▶ **DESCRIPTION OF THE TASK**
Please give the whole listing again exactly, without any of its pictures.

▶ **STORED DATA**
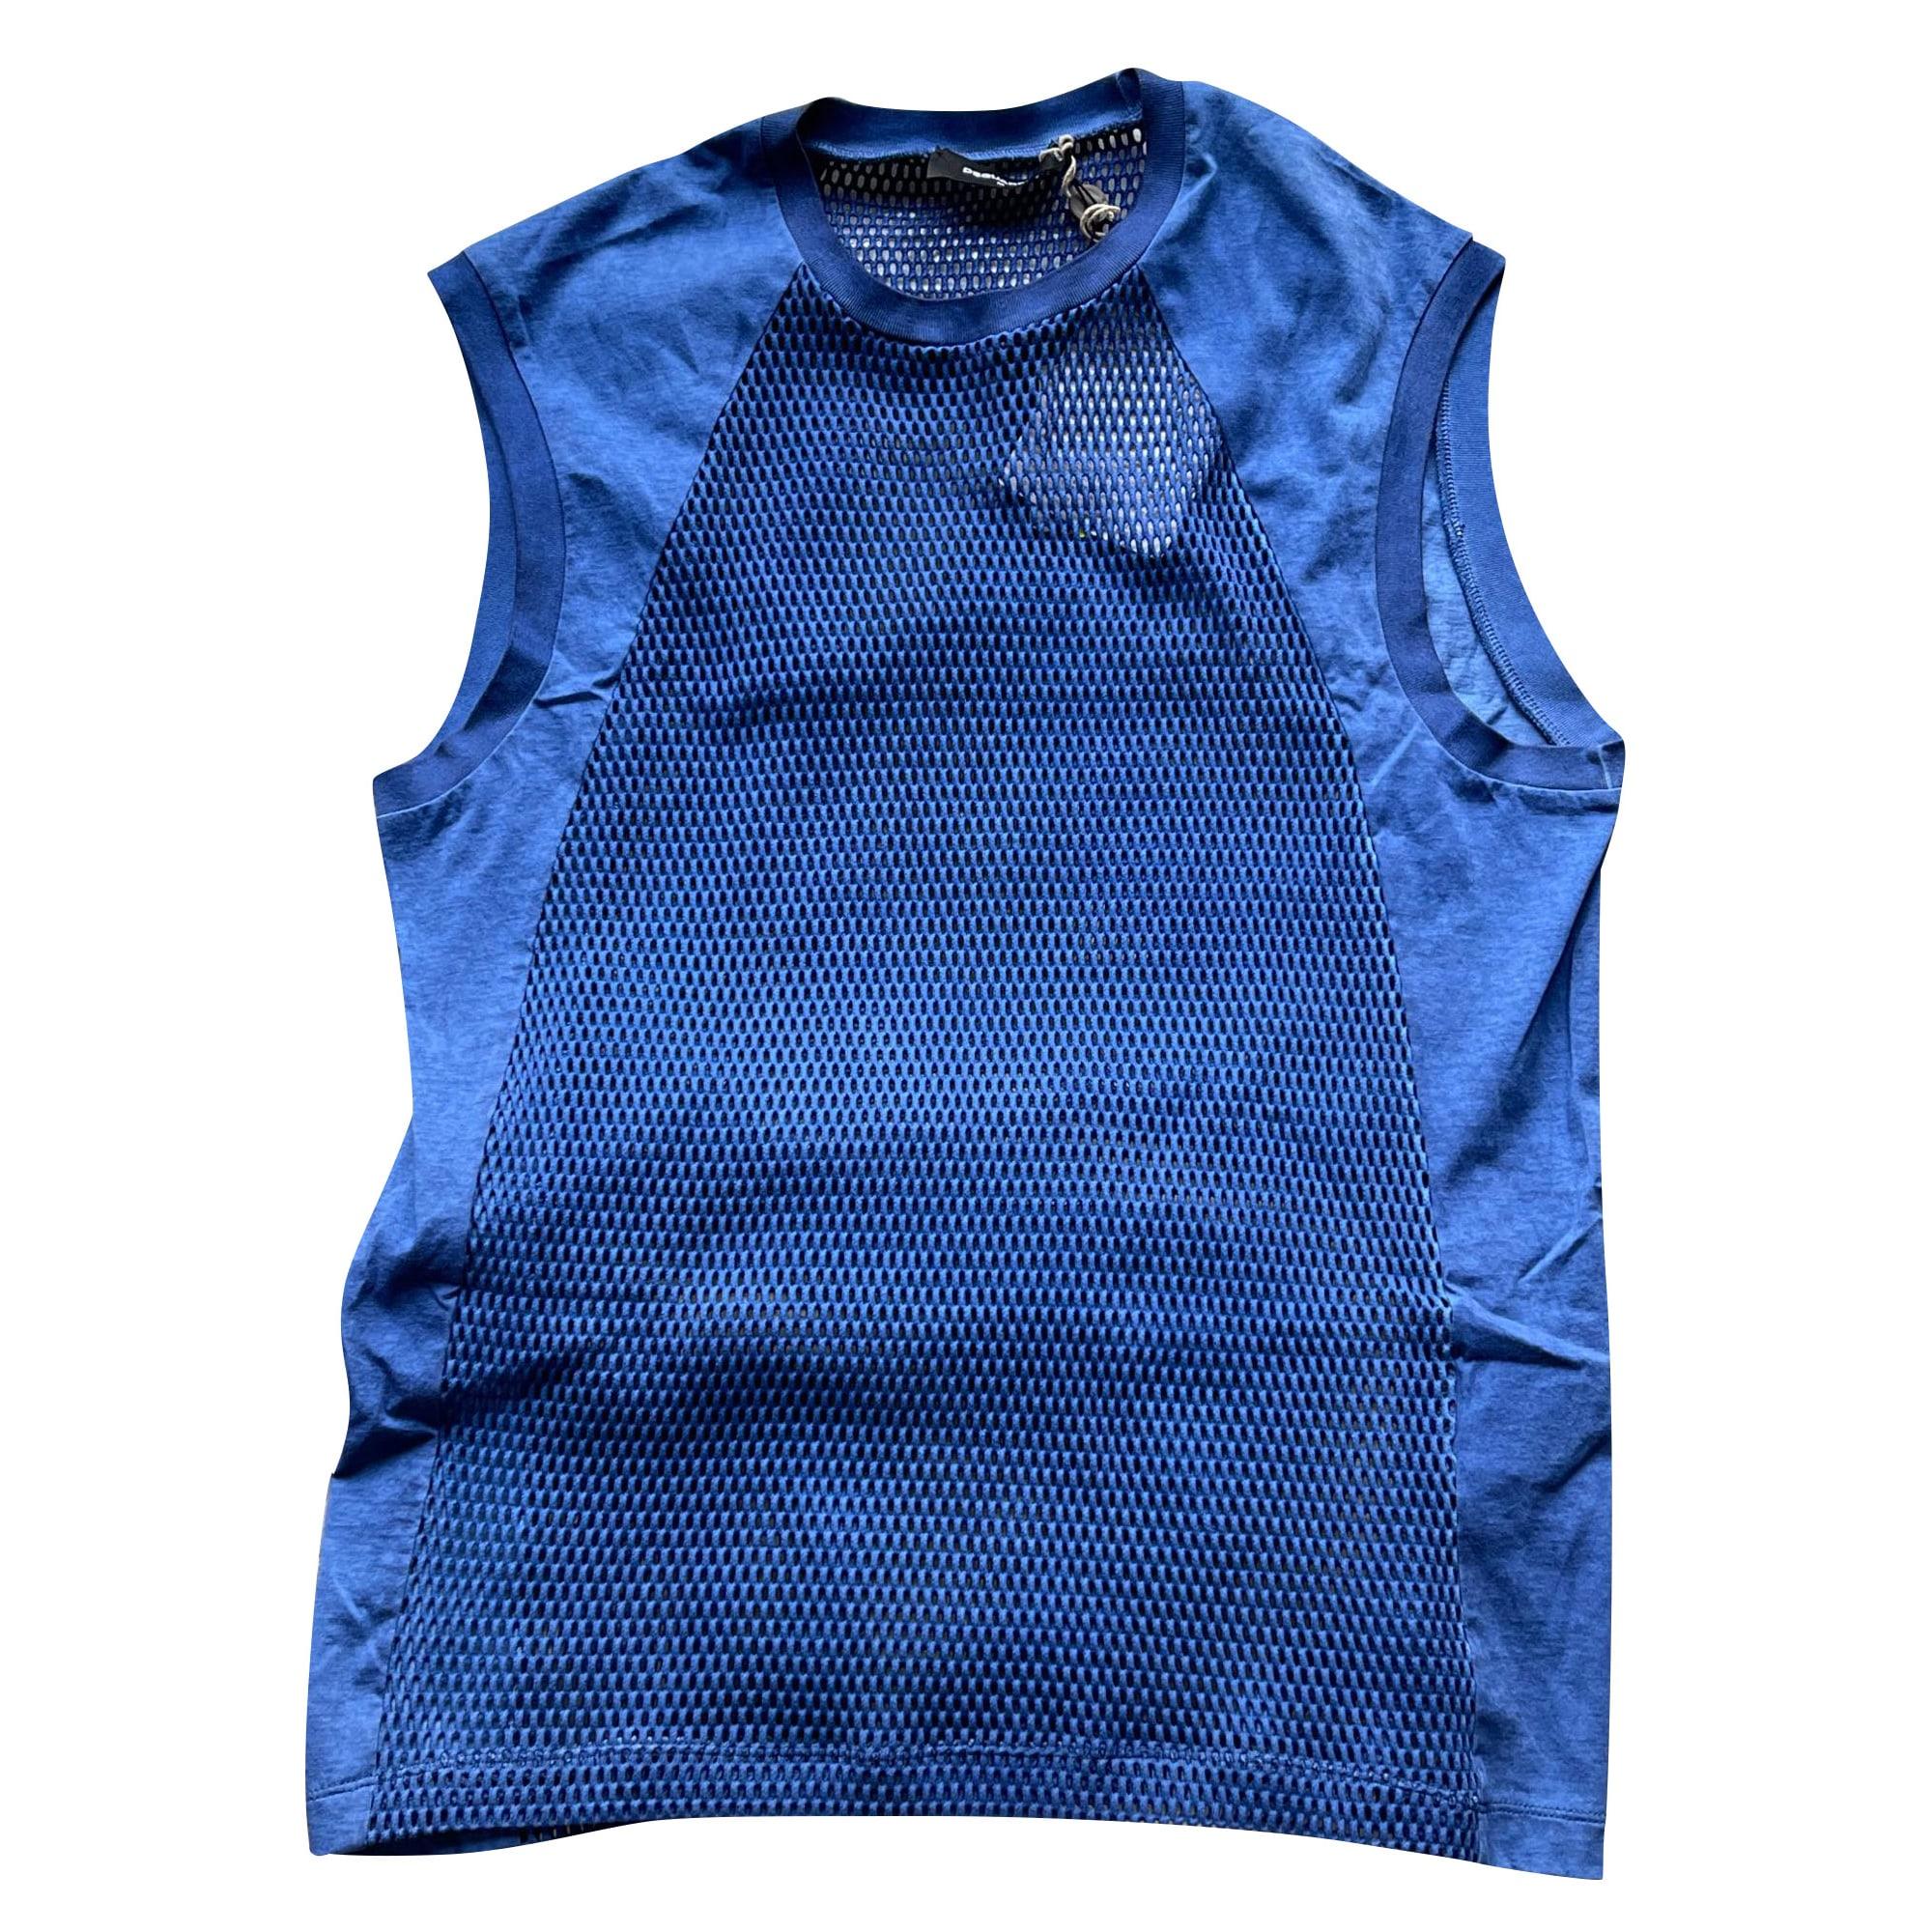 Tee-shirt DSQUARED2 Bleu, bleu marine, bleu turquoise
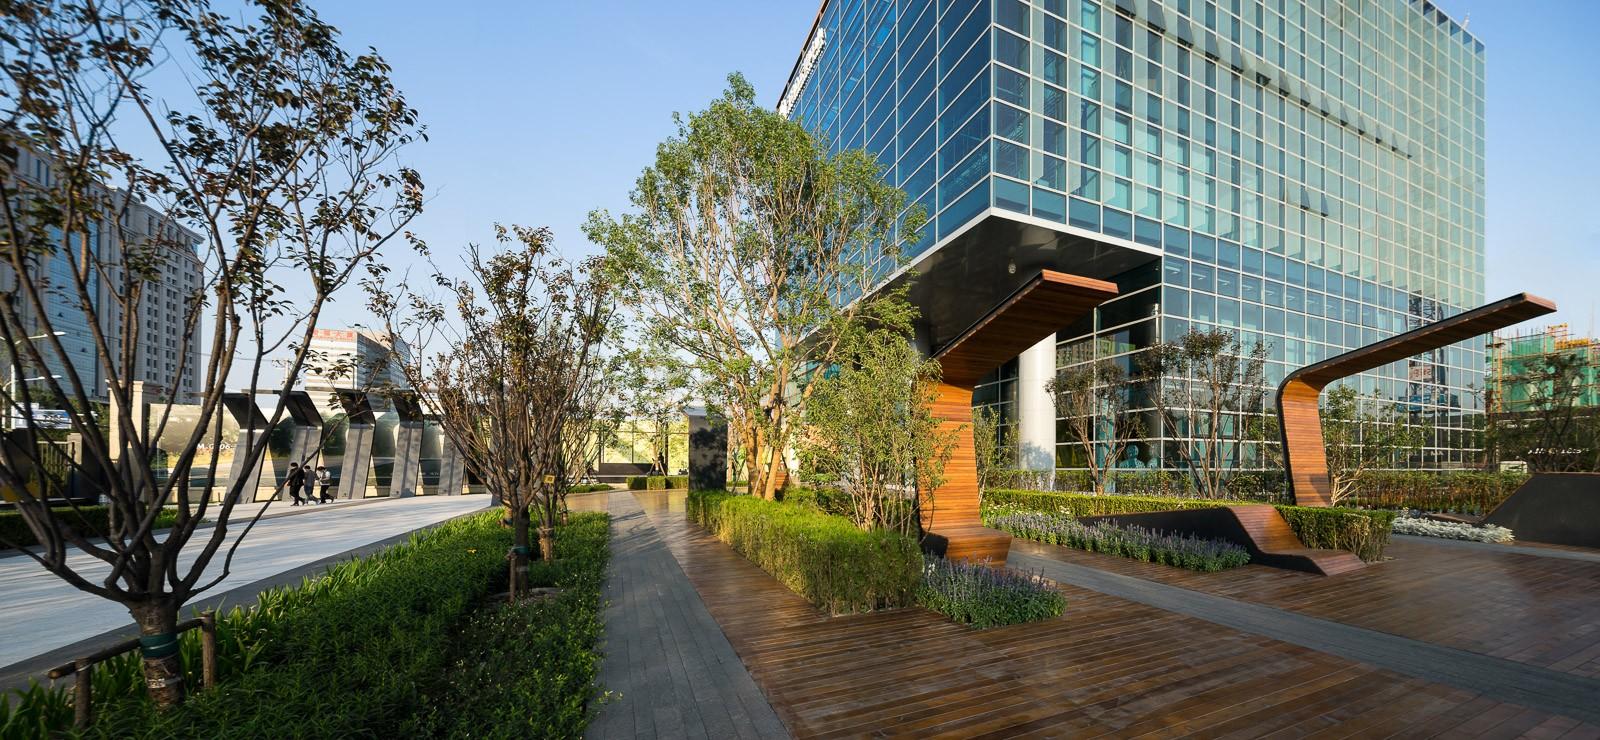 Technology Business District Green Design Landscape Architecture Blog
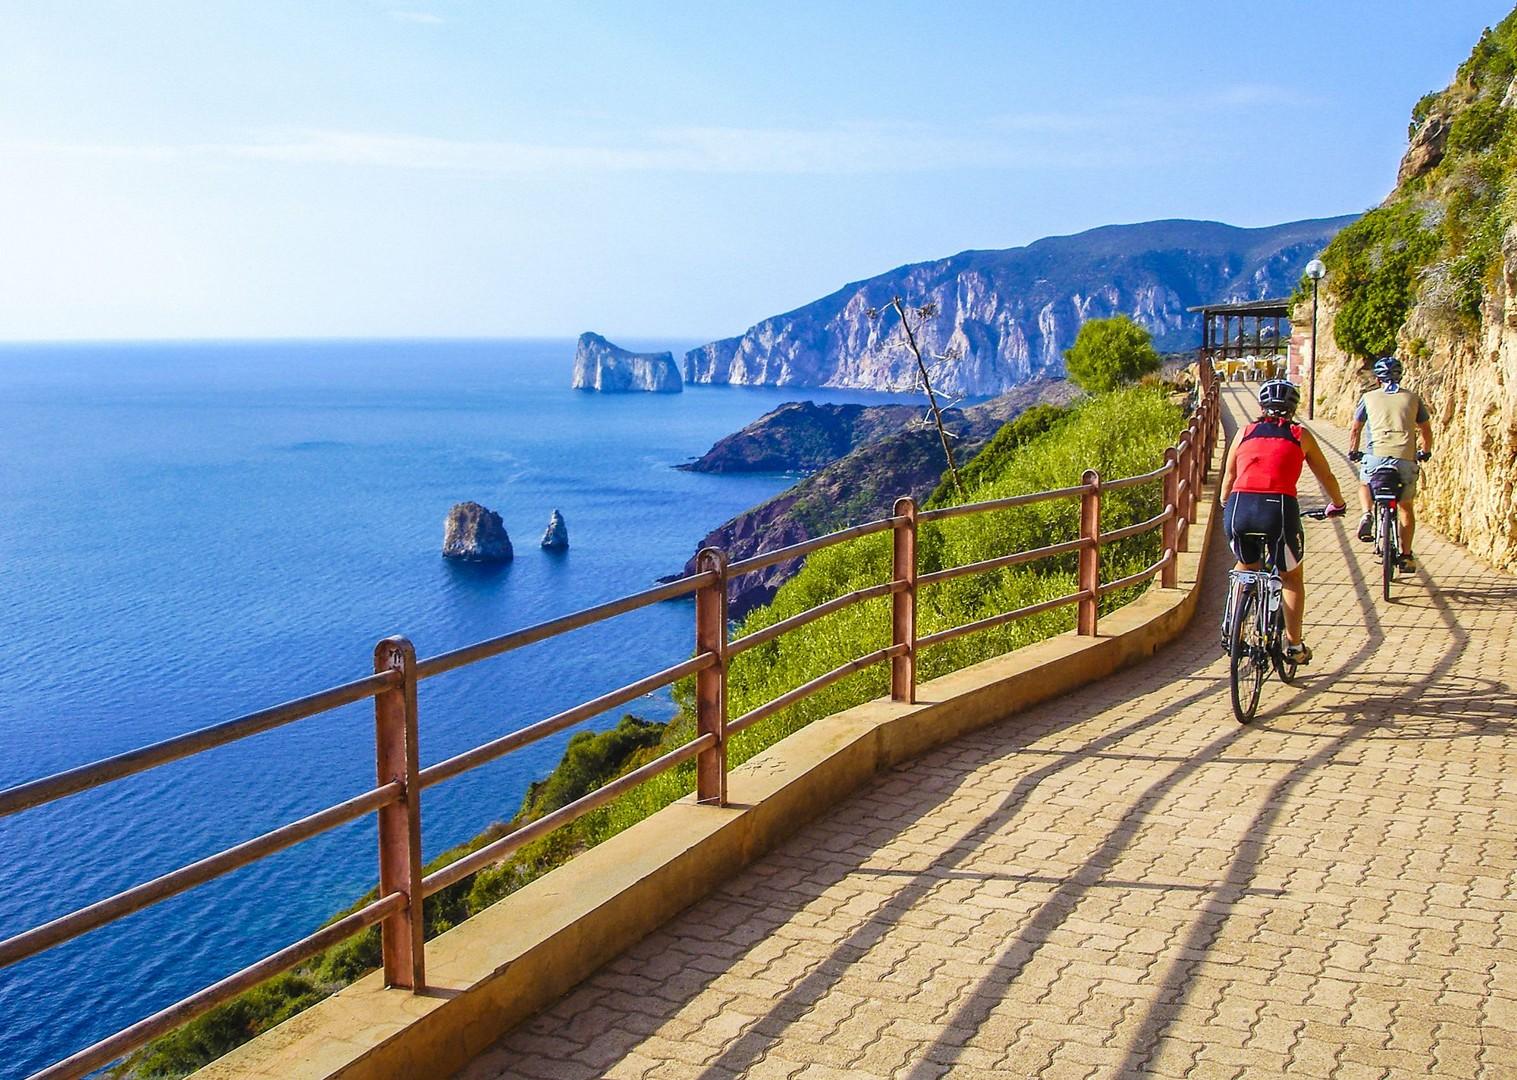 fdfsdfsdfsdfsdfsdf4.jpg - Italy - Sardinia - Island Flavours - Guided Leisure Cycling Holiday - Leisure Cycling
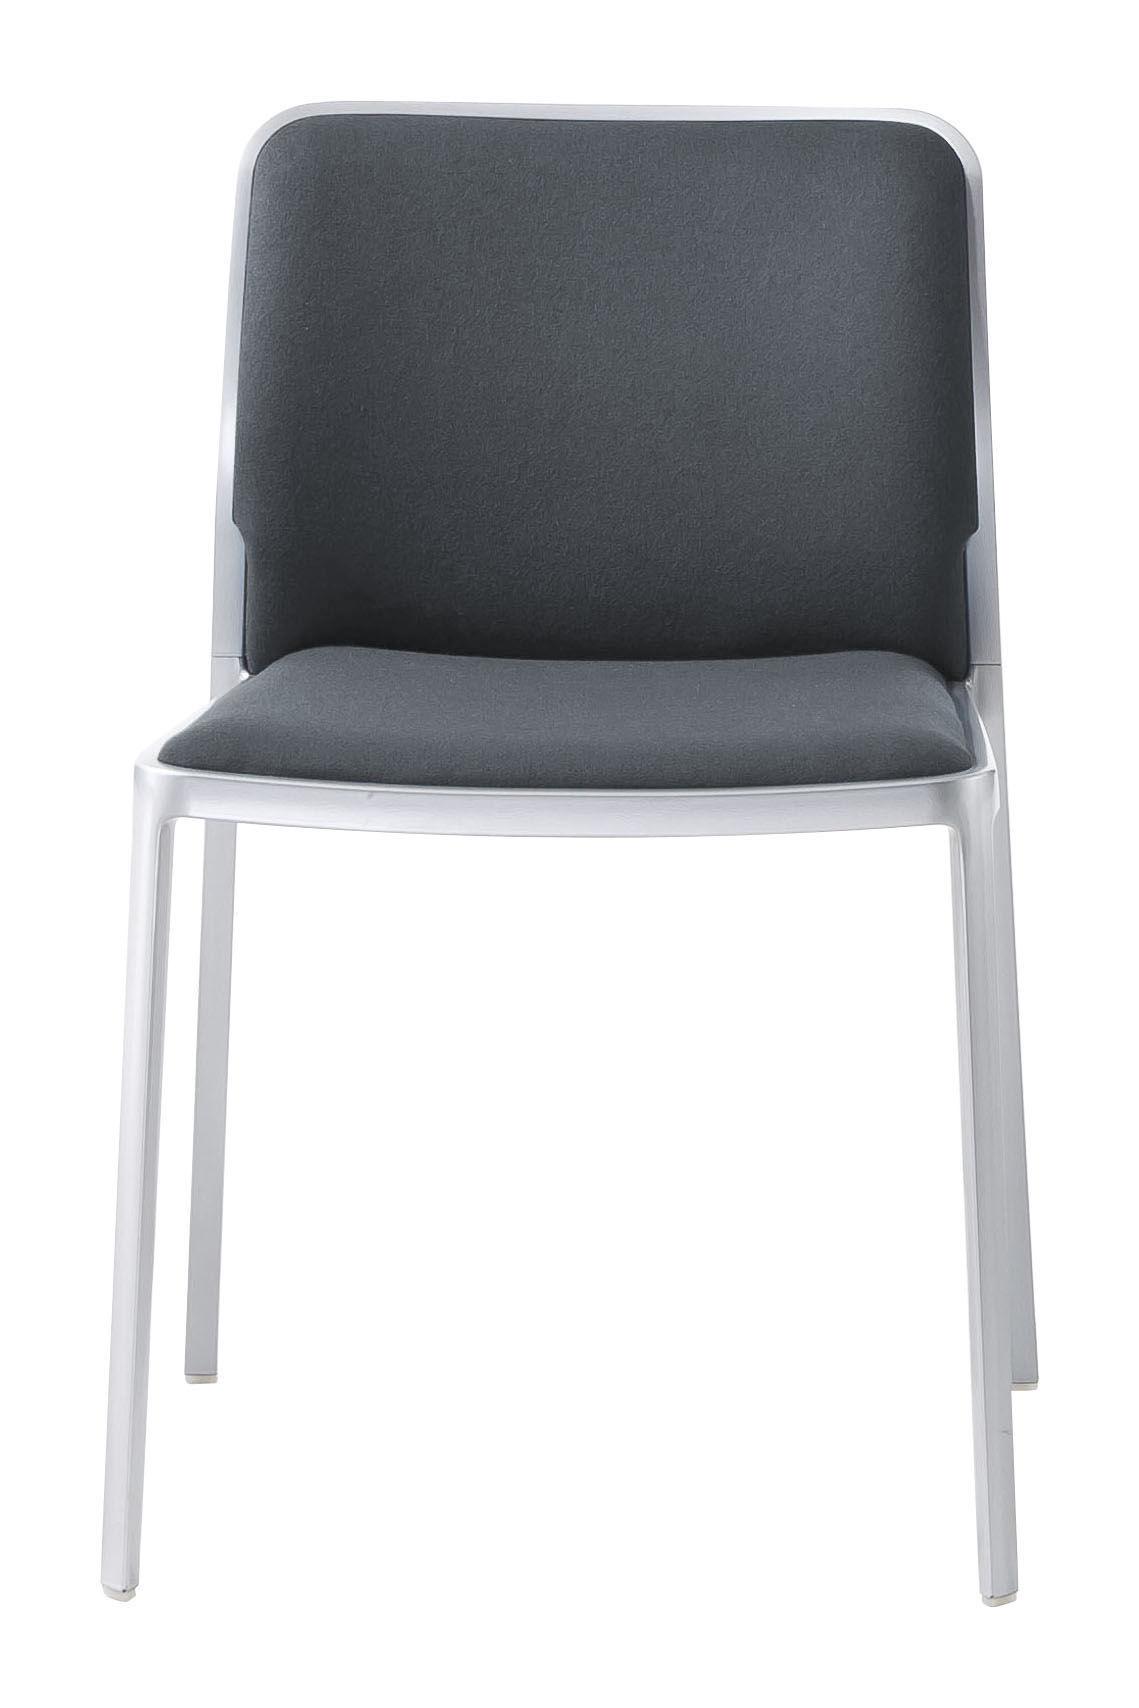 Möbel - Stühle  - Audrey Soft Gepolsterter Stuhl / Sitzfläche aus Stoff - Gestell Aluminium mattiert - Kartell - Gestell: Aluminium matt / Sitzfläche: Stoff grau - Gewebe, klarlackbeschichtetes Aluminium

▶ **EXERCISE OUTPUT**
 Tee-shirt DSQUARED2 Bleu, bleu marine, bleu turquoise
 Technology Business District Green Design Landscape Architecture Blog
 fdfsdfsdfsdfsdfsdf4.jpg - Italy - Sardinia - Island Flavours - Guided Leisure Cycling Holiday - Leisure Cycling
 Möbel - Stühle  - Audrey Soft Gepolsterter Stuhl / Sitzfläche aus Stoff - Gestell Aluminium mattiert - Kartell - Gestell: Aluminium matt / Sitzfläche: Stoff grau - Gewebe, klarlackbeschichtetes Aluminium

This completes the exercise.